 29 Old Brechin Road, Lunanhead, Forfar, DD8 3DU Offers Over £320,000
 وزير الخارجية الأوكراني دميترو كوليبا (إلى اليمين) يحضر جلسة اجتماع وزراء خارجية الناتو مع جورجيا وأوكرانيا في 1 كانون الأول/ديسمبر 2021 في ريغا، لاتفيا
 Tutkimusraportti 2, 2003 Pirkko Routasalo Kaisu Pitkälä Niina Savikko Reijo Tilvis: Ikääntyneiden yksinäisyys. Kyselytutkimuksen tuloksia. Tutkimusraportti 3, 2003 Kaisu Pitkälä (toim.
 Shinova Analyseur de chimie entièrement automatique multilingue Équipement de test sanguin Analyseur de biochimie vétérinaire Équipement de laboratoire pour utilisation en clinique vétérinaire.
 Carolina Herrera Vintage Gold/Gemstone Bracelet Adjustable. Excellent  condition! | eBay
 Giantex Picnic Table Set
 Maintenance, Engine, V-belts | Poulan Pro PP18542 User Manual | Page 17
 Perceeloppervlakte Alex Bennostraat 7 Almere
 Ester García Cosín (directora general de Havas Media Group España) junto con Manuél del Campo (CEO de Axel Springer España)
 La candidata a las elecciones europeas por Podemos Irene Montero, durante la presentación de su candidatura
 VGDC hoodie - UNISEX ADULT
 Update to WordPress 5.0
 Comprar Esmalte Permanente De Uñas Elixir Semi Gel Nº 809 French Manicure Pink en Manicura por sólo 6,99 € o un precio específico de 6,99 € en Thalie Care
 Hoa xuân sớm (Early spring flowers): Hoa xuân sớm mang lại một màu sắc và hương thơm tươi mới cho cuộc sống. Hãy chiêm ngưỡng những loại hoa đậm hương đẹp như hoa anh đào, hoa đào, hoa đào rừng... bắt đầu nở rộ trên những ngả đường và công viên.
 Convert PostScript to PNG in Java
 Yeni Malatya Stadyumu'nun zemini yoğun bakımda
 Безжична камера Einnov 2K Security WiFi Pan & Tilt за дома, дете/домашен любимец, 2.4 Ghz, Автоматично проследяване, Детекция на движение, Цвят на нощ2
============================================================
▸ Exercise instructions: Starting with the line that contains "Ester García Cosín", copy each line through the end of the data exactly, and leave out all earlier lines.

▸ Answer space:
 Ester García Cosín (directora general de Havas Media Group España) junto con Manuél del Campo (CEO de Axel Springer España)
 La candidata a las elecciones europeas por Podemos Irene Montero, durante la presentación de su candidatura
 VGDC hoodie - UNISEX ADULT
 Update to WordPress 5.0
 Comprar Esmalte Permanente De Uñas Elixir Semi Gel Nº 809 French Manicure Pink en Manicura por sólo 6,99 € o un precio específico de 6,99 € en Thalie Care
 Hoa xuân sớm (Early spring flowers): Hoa xuân sớm mang lại một màu sắc và hương thơm tươi mới cho cuộc sống. Hãy chiêm ngưỡng những loại hoa đậm hương đẹp như hoa anh đào, hoa đào, hoa đào rừng... bắt đầu nở rộ trên những ngả đường và công viên.
 Convert PostScript to PNG in Java
 Yeni Malatya Stadyumu'nun zemini yoğun bakımda
 Безжична камера Einnov 2K Security WiFi Pan & Tilt за дома, дете/домашен любимец, 2.4 Ghz, Автоматично проследяване, Детекция на движение, Цвят на нощ2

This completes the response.